If you ever got around to watching Life of Pi you might recall the hero of the film, a young Indian boy living in French colonial India, was ironically named ‘Piscine Molitor Patel’, after a historic 1920s Art Deco swimming pool (piscine) right here in Paris …
“One day, Mamaji said to my father, that of all the pools in the world, the most beautiful was a public pool in Paris. That the water there was so clear, you could make your morning coffee with it. That a single swim there changed his life. Before I was born, he said; ‘If you want your son to have a clean soul, you must take him one day to swim in the Piscine Molitor.’ I never understood why my father took this so much to heart, but he did, and I was named ‘Piscine Molitor Patel’.”
While the film is based on a fantasy adventure novel written by Yann Martel, Piscine Molitor is very much a real place. But what the story doesn’t mention is what happened to this most beautiful Parisian swimming pool over the years…
via Piscine Molitor
When I first arrived in Paris, I went about finding a place to swim, a place to thrash through the water like a baby hippo alongside elegant Parisian ladies. In my search, I came across Molitor, fallen from glory, a legendary abandoned ruin in the 16th arrondissement.
Built in 1929, the bikini was first officially introduced at this very pool by Louis Réard in 1946. A glamorous day out for Parisians, the Piscine Molitor regularly hosted events such as fashion shows, galas, theatrical performances, and was often used as a dazzling backdrop for film shoots.
Pictured above is the handsome Johnny Weissmuller, the Olympic medallist swimmer who inaugurated the pool in ’29. On the right is Micheline Bernardini, a former nude dancer at the Casino de Paris who was chosen by Louis Réard to model the first modern-day bikini at the swimming pool on July 5, 1946 at Piscine Molitor in Paris (she was the only model he could find daring enough to wear the design with a g-string back made out of 30 square inches of cloth). The event was widely publicised by the international press.
Piscine Molitor was one of the only public pools built in Europe at the time with two pools. The outdoor Olympic sized pool lined with sand in the warm seasons, turned into an ice rink during the winter. Designed by architect Lucien Pollet, Molitor was intended to resemble an ocean liner, with its art deco stained glass and three levels of cabins surrounding the pool.
After seventy years in a harsh chlorinated environment, those elegant white railings and mosaic floors had seen better days. On August 31st 1989, the visitors had their last swim and Piscine Molitor closed its door to the public for the last time.
A housing project was soon proposed to take its place after closure, calling for the destruction of the art deco relic.
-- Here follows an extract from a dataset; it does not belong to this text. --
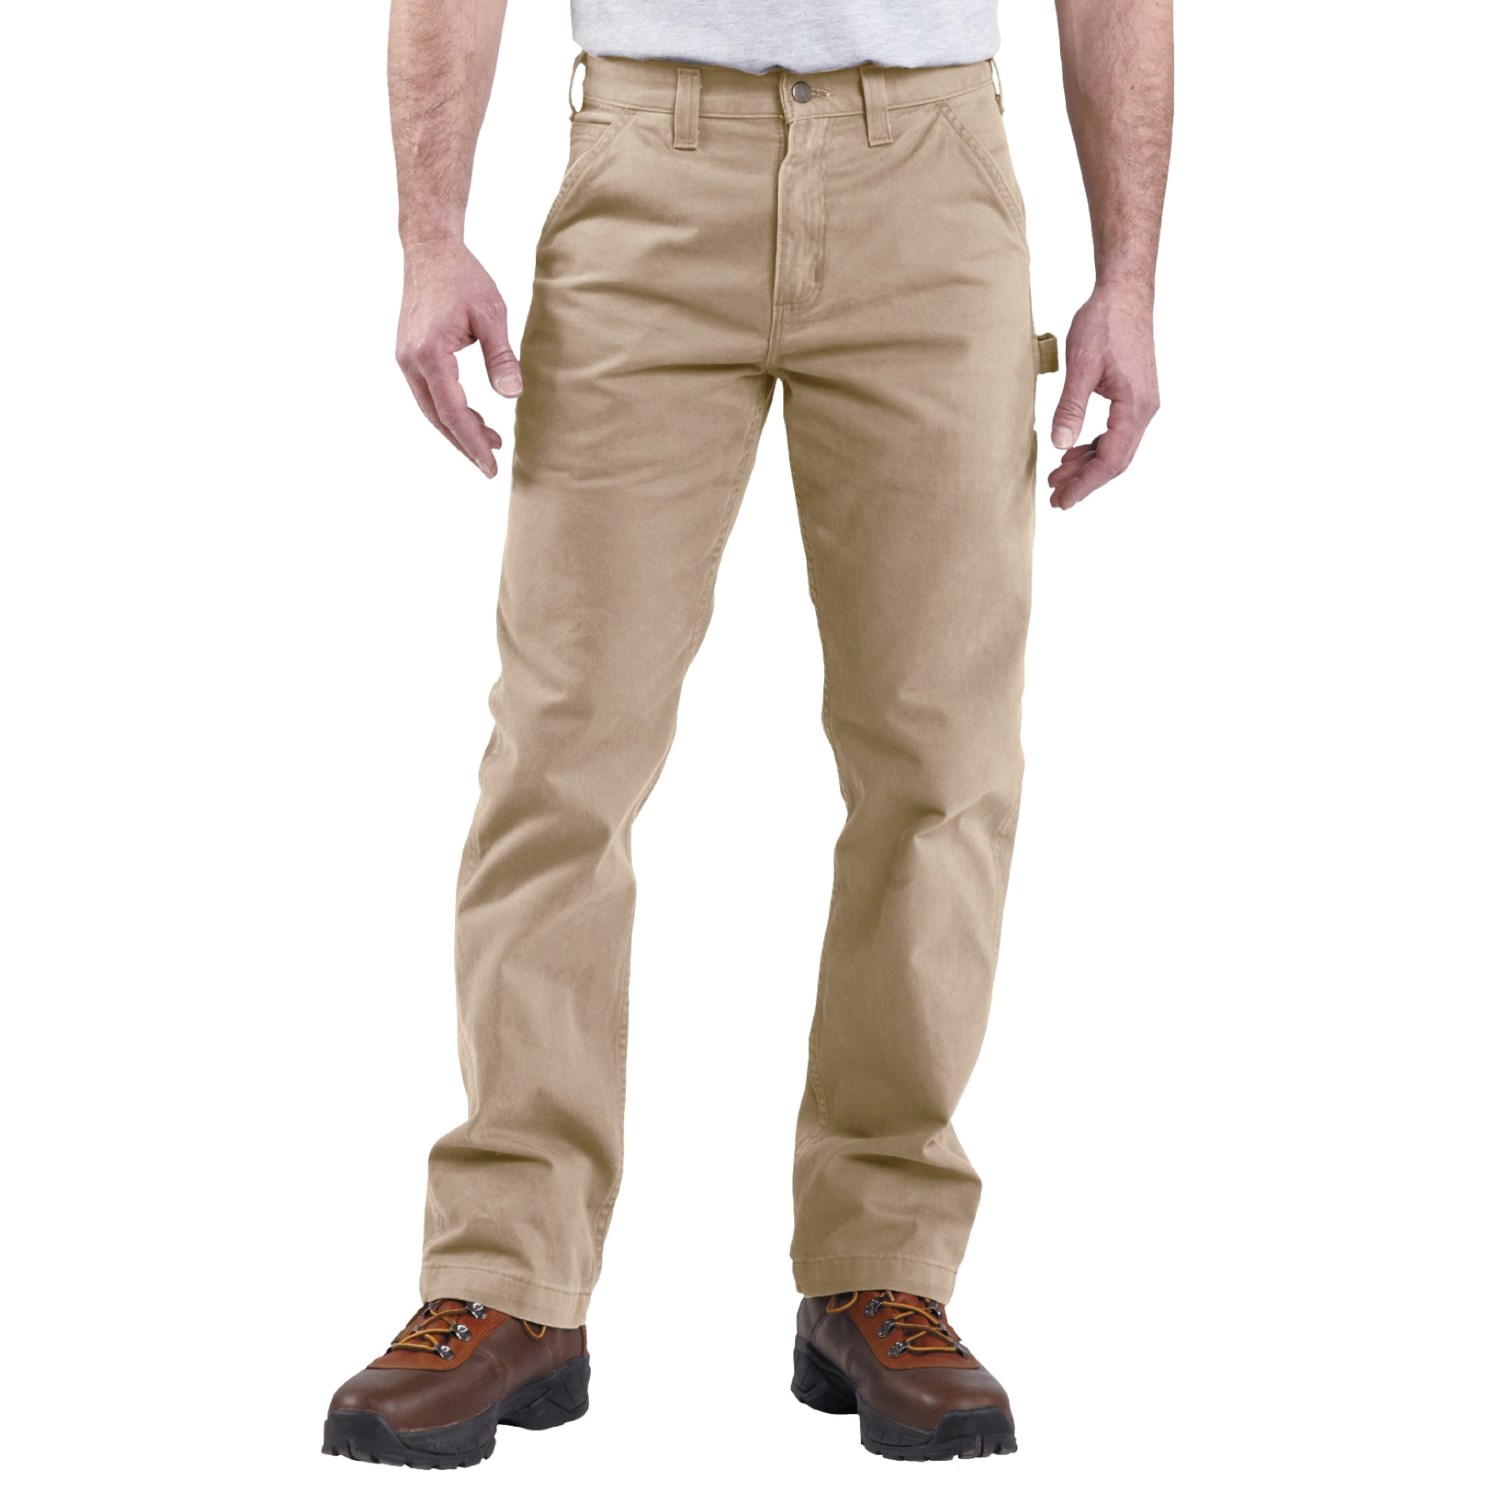 khaki work pants - Pi Pants

The complex was boarded up as plans for demolition moved forward, but a local group of citizens came together and founded “SOS Molitor”. Only a year later, the City of Paris gave in to their protests and granted the pool complex a place on the list of France’s historic monuments. Molitor was safe … at least from the wrecking ball.
via Piscine Molitor
For the next 20 years, Piscine Molitor would be frequented by graffiti artists who adopted the building as their personal canvas. Where Parisians once swam their laps, vibrant frescoes of spray paint soon covered the surfaces.
In 2000, SOS Molitor was officially granted ownership and formed a new group simply called Piscine Molitor, which organised events such as sports matches and community art projects to obtain funding for an eventual rehabilitation and reopening of the swimming pool.
via Piscine Molitor
In 2001, five thousand people descended on the complex to attend a rave hosted by underground music collective, Heretik (seen below).
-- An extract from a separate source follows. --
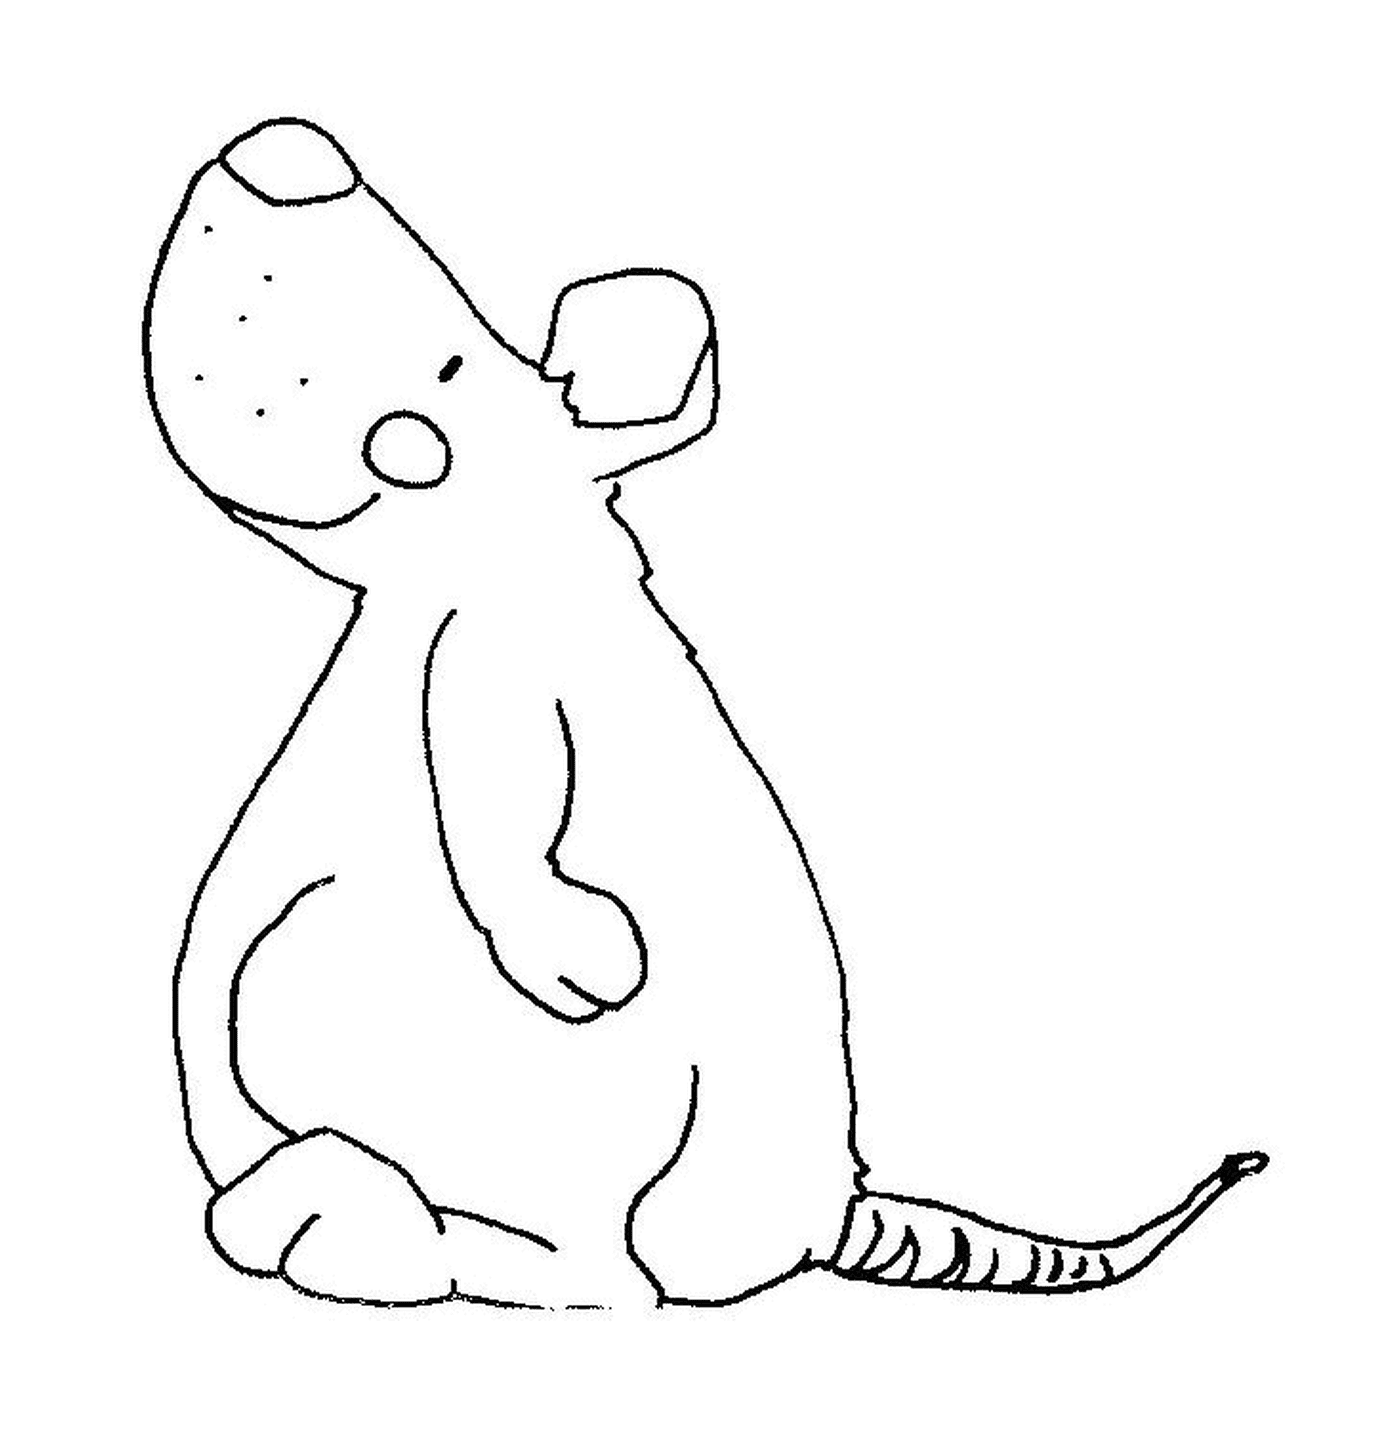   Une grosse souris

More than 20 years after its closure however, Piscine Molitor’s state of limbo has finally come to end, and for the graffiti artists and urban explorers, the party is over. Late last year, having finally approved applications for the renovation of Piscine Molitor, the City of Paris began moving in their tractors and shovels…
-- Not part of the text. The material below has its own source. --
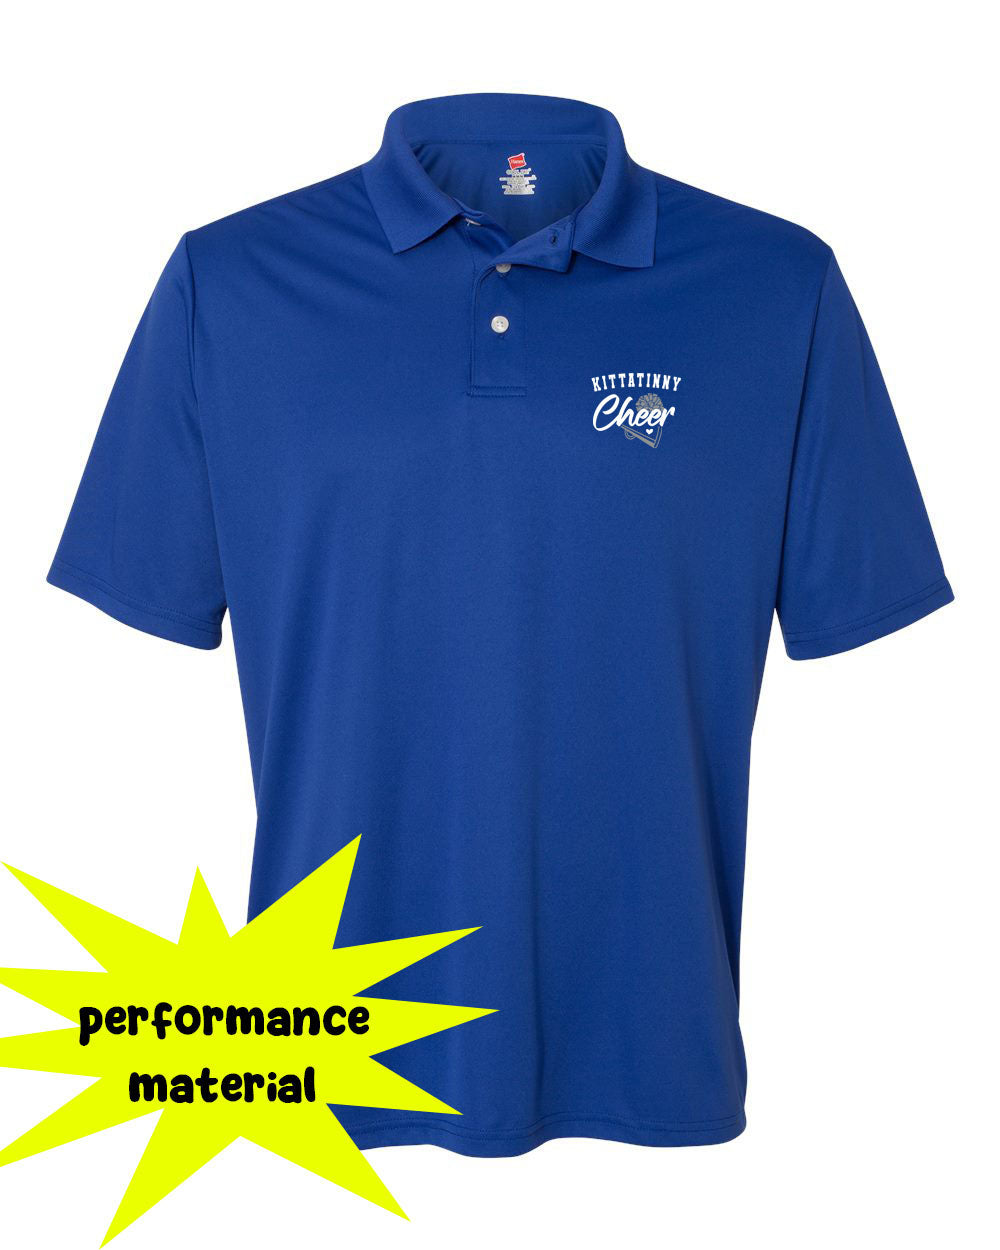 Kittatinny Cheer Performance Material Polo T-Shirt Design 9

UPDATE! Molitor is now officially re-opened!
While the facade of the stadium have been entirely preserved, samples of the original cabin doors, stained glass and railings have been used by artisans to reproduce the Art Deco spirit of Molitor. However, in the state that the complex was in, the architects maintain that the main structure absolutely needed to be demolished in order to carry out the restoration. The €65 million project has seen a four star hotel, health spa and restaurant added to the property. Here’s a look at the revived Molitor…
While some Molitor loyalists have been upset by the decision to add a hotel, let’s hope this swimming pool will once again become the glamorous bathing spot it used to be. With the box-office success of Life of Pi, no doubt curious Parisians will be lured back to the Piscine Molitor and celebrate its long-overdue revival.
PS! How lucky were these folks that got to see a Life of Pi screening sitting in boats at another Parisian art deco swimming pool, piscine Pailleron, also designed by Molitor architect Lucien Pollet.